# Replecement Hobby door,garage,cassette key circa 2000



## spread (Jul 1, 2009)

hi we are currently in portugal, and have snapped of the key to the entrance door to 750fmse, circa 2000 it also does the cassette, and garage ? any ideas, we have the number, phoned Brownhill but unable to advise !!!! sad lot .


----------



## eurajohn (May 9, 2005)

Hi spread, check through this thread, http://www.motorhomefacts.com/ftopict-94556-zadi.html 
should be of some help.


----------



## raynipper (Aug 4, 2008)

spread said:


> hi we are currently in portugal, and have snapped of the key to the entrance door to 750fmse, circa 2000 it also does the cassette, and garage ? any ideas, we have the number, phoned Brownhill but unable to advise !!!! sad lot .




Hello Spread.
I know it's always clever to have hindsight but the first thing we did when buying our Hobby was to get another 4 door keys cut.

Mine is also a 2000 and we found the door and locker keys were Renault blanks, so easily found in France.
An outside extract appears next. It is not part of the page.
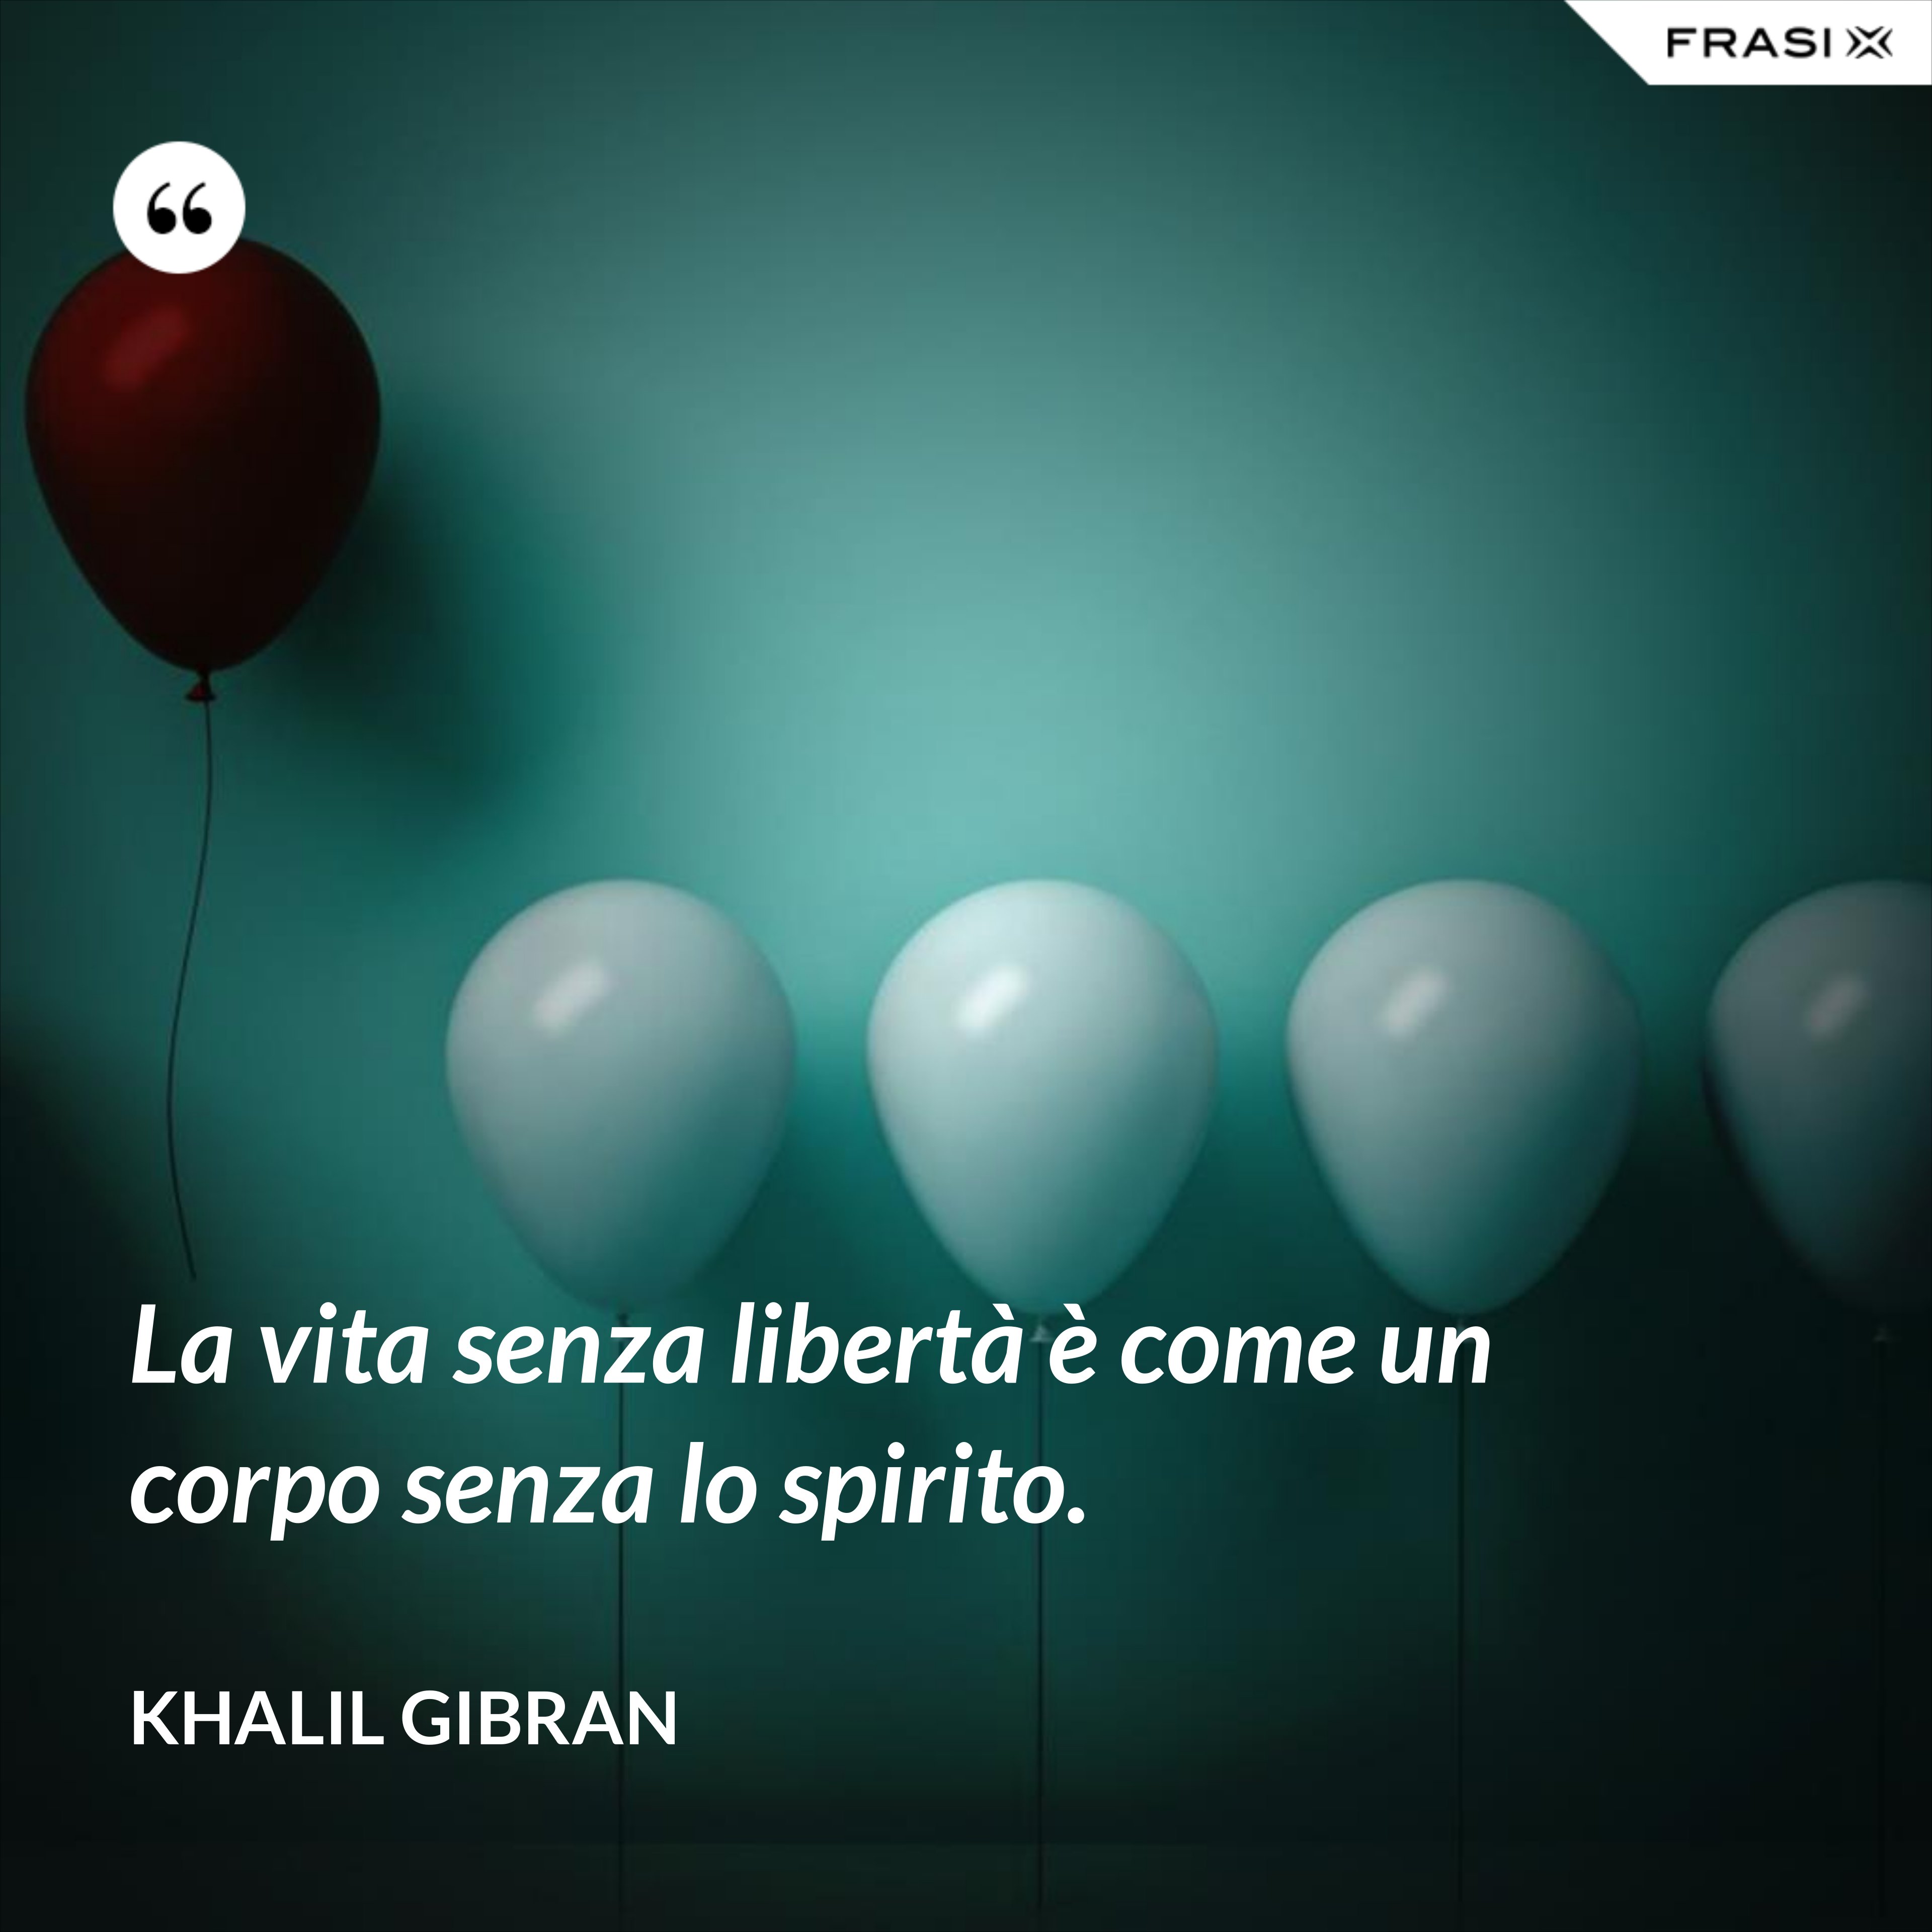 La vita senza libertà è come un corpo senza lo spirito. - Khalil Gibran

Mine happens to have RS58 on it. Don't know if thats the blank number or my code??

Obviously if you can hook the broken bit out and present the two parts to a key cutting service you can get several made. But this just might entail taking the door lock completely to bits.

I assume you can still get in via the cab.

Ray.


----------



## jenniedream (Jul 19, 2009)

Try GoEuropean - we bought our Hobby from them and they are really helpful. They are all Daves here by the way.
01527 850585
07790004614
They will be open tomorrow.


----------